++++ Collected data

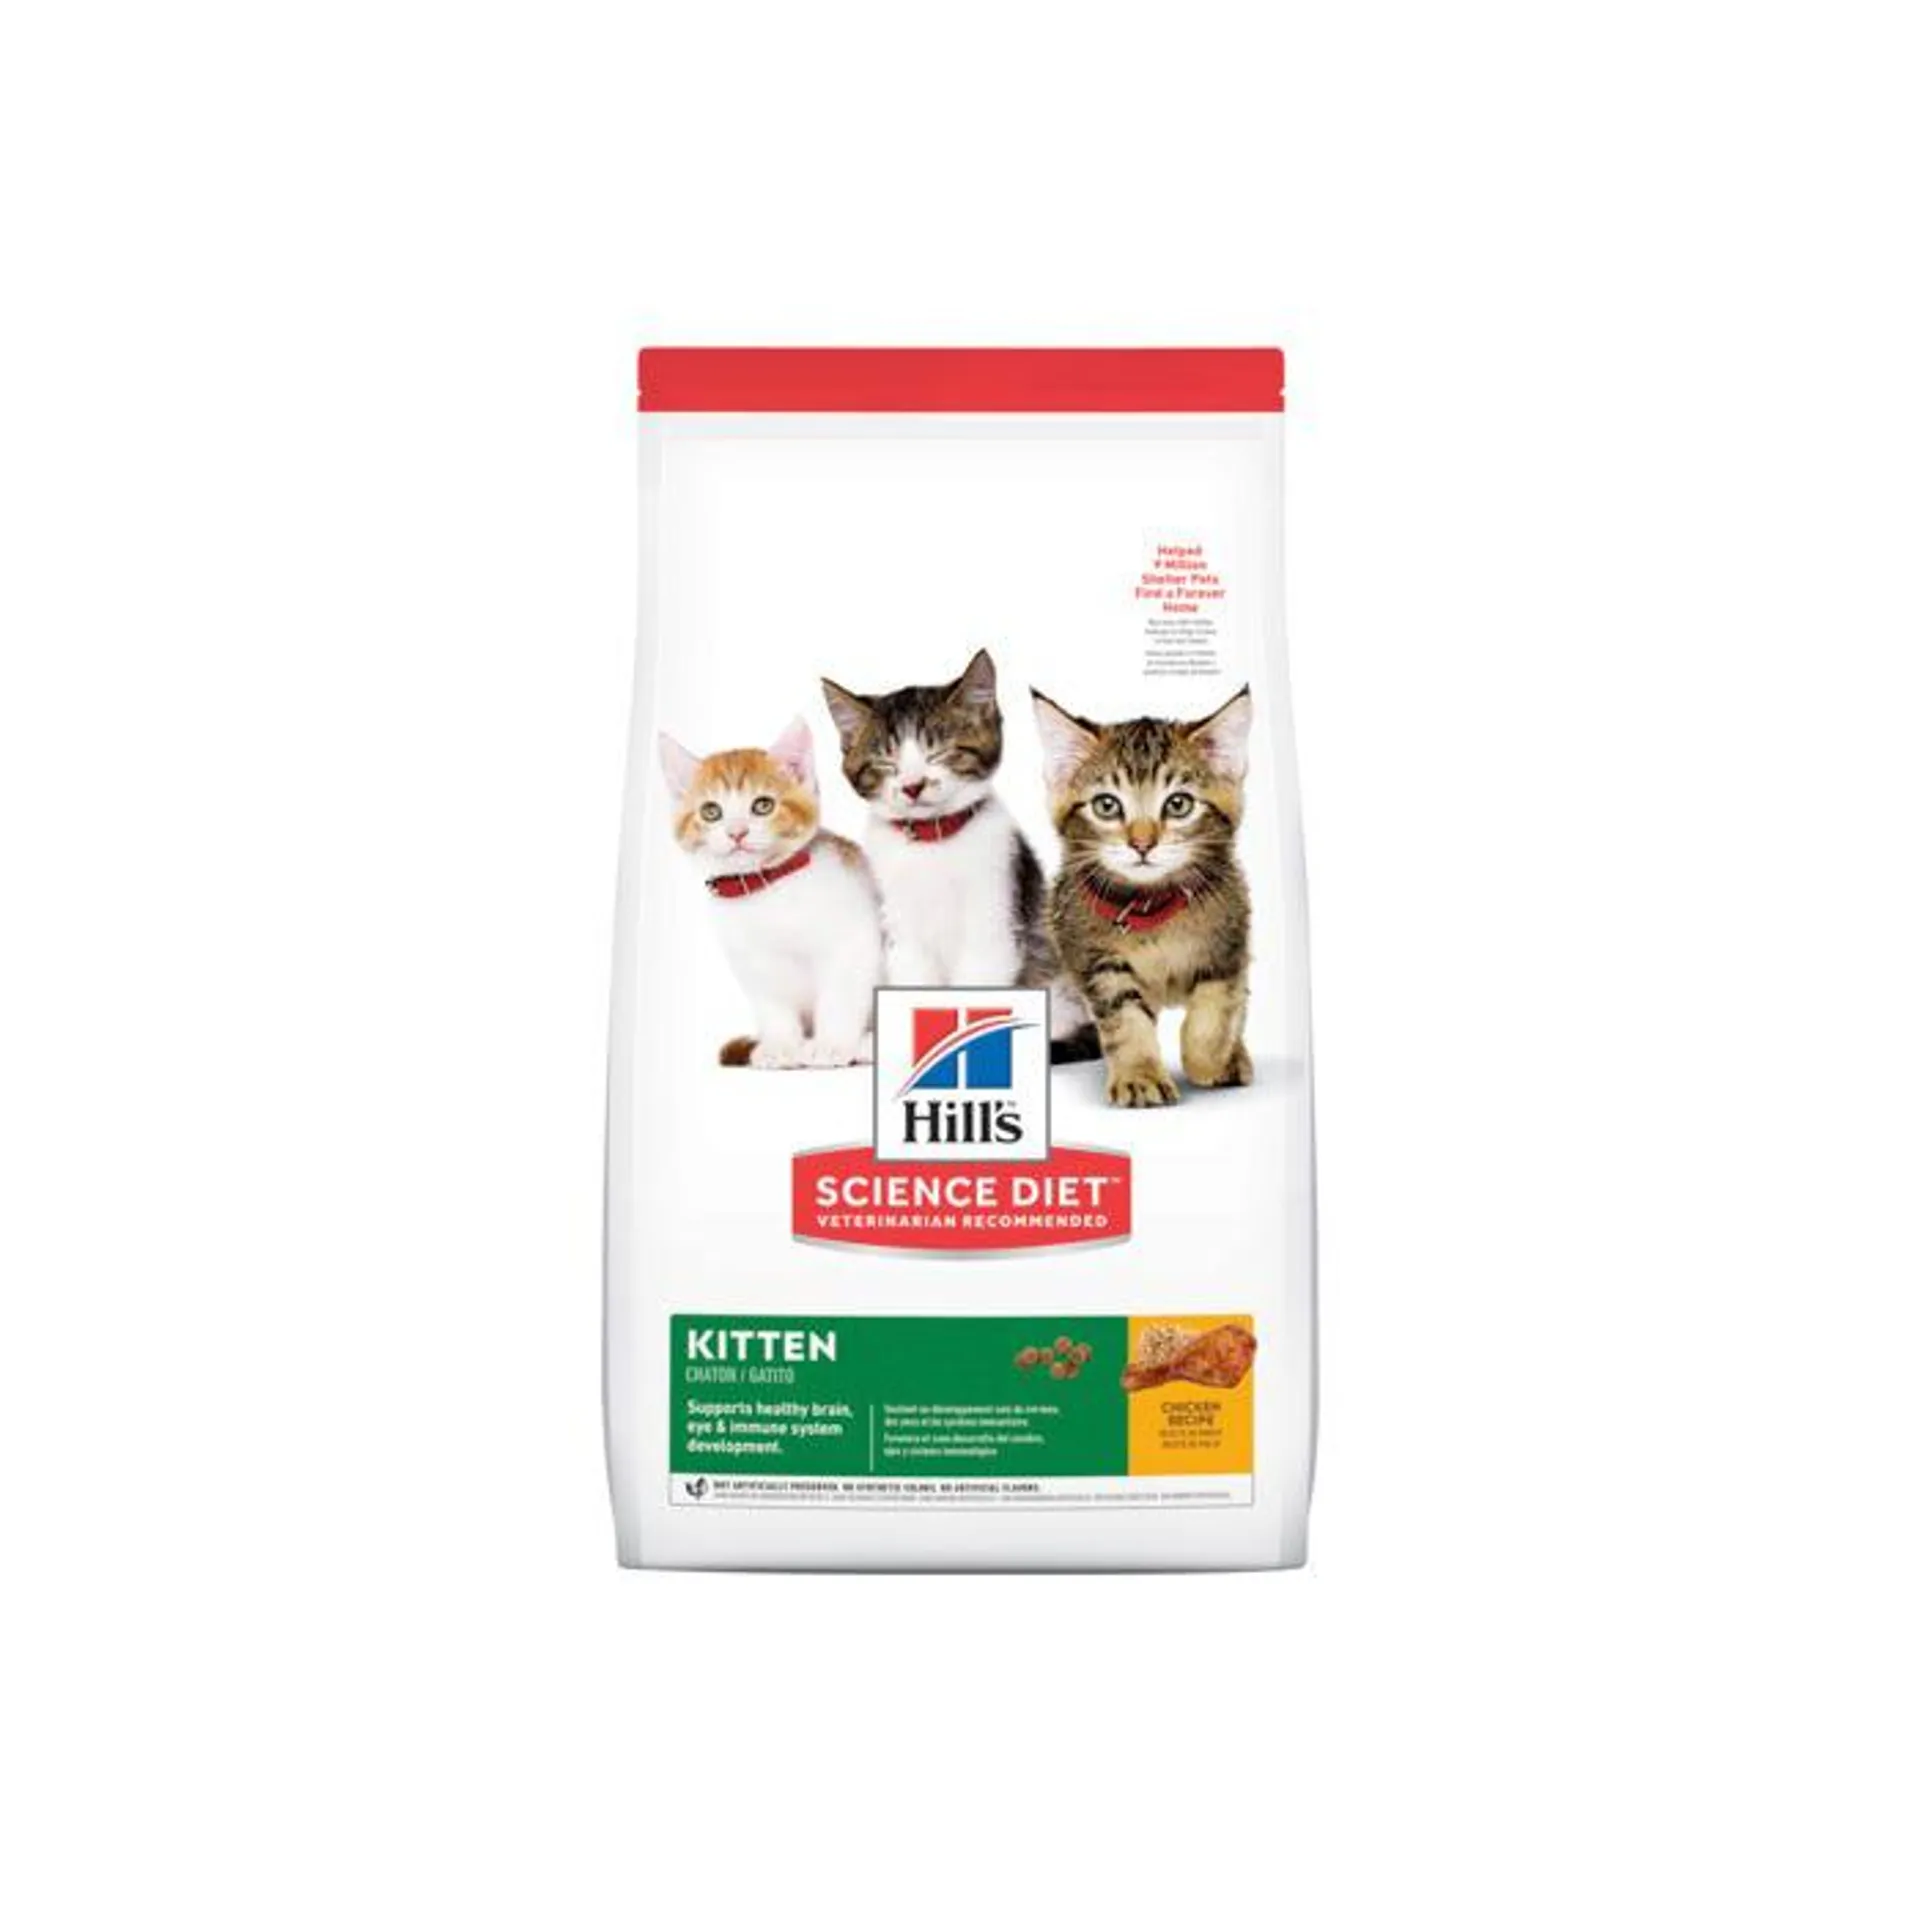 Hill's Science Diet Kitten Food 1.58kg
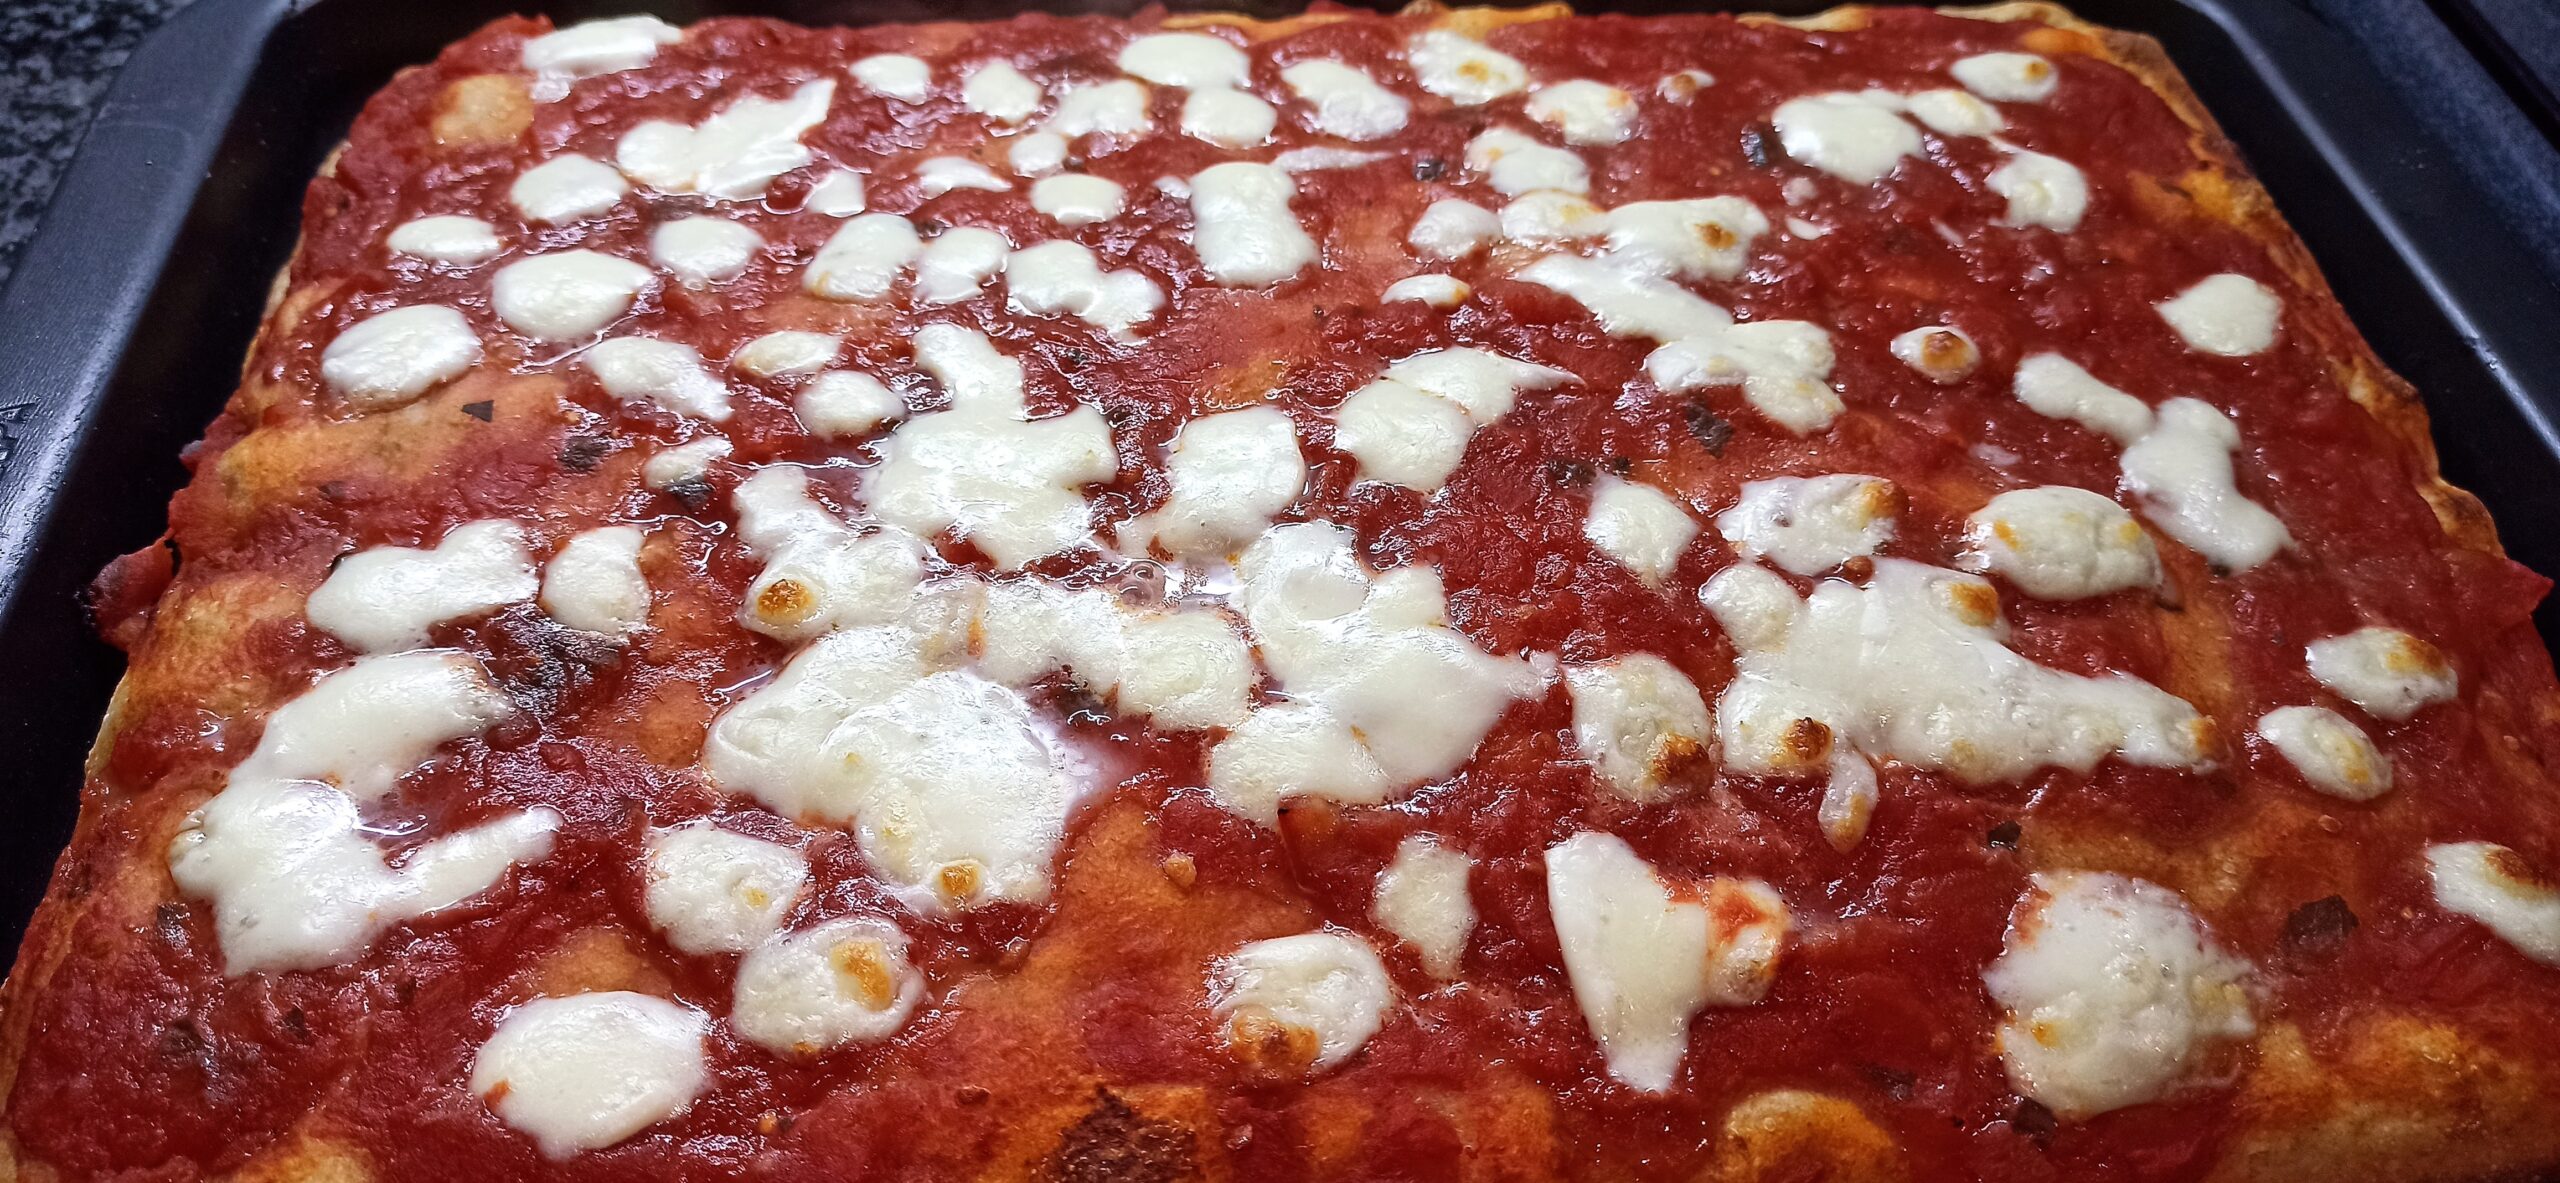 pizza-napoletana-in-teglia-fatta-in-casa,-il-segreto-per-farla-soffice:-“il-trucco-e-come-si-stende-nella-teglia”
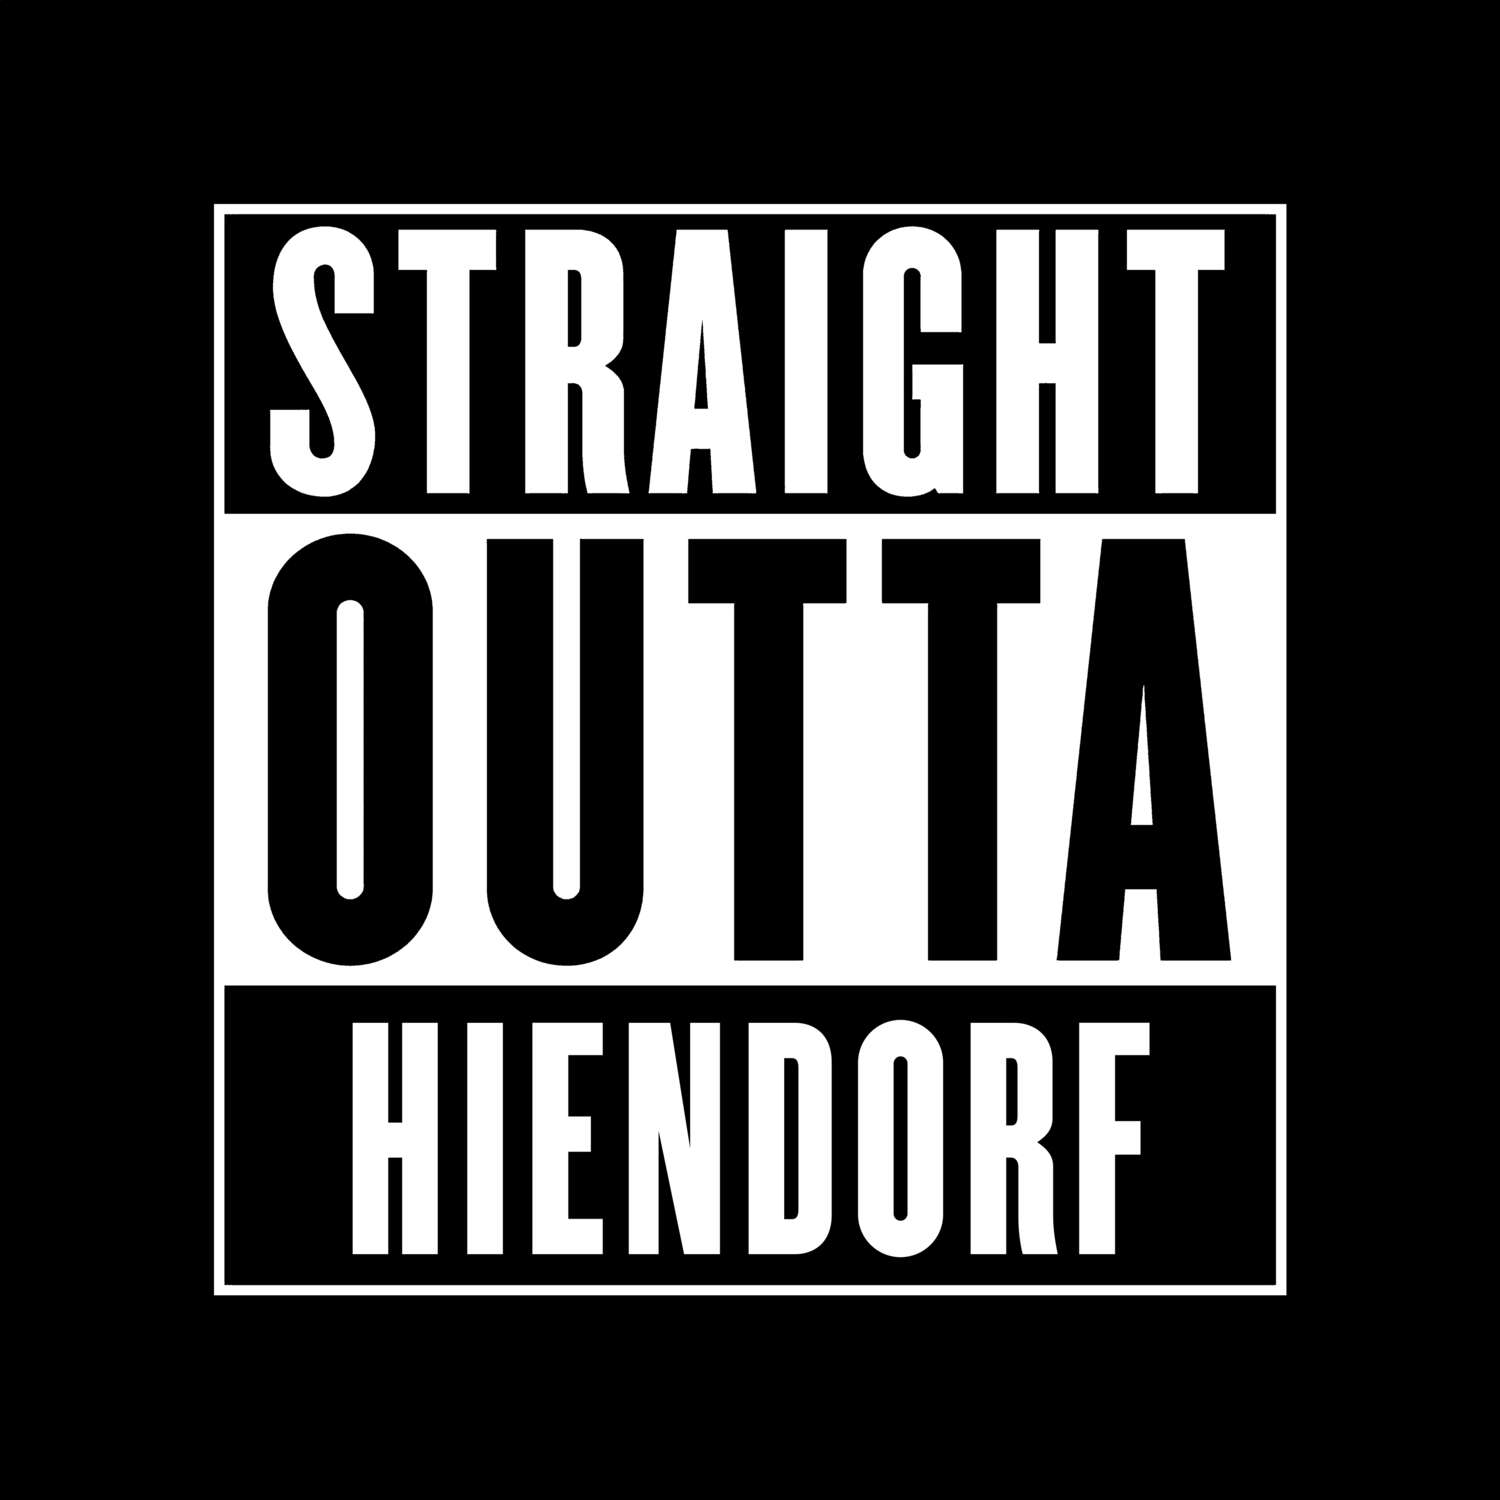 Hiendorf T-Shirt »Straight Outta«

++++++++

What you are asked to do:
Reprint the listing above verbatim but drop the images.

Your response:
 Hill's Science Diet Kitten Food 1.58kg
 pizza-napoletana-in-teglia-fatta-in-casa,-il-segreto-per-farla-soffice:-“il-trucco-e-come-si-stende-nella-teglia”
 Hiendorf T-Shirt »Straight Outta«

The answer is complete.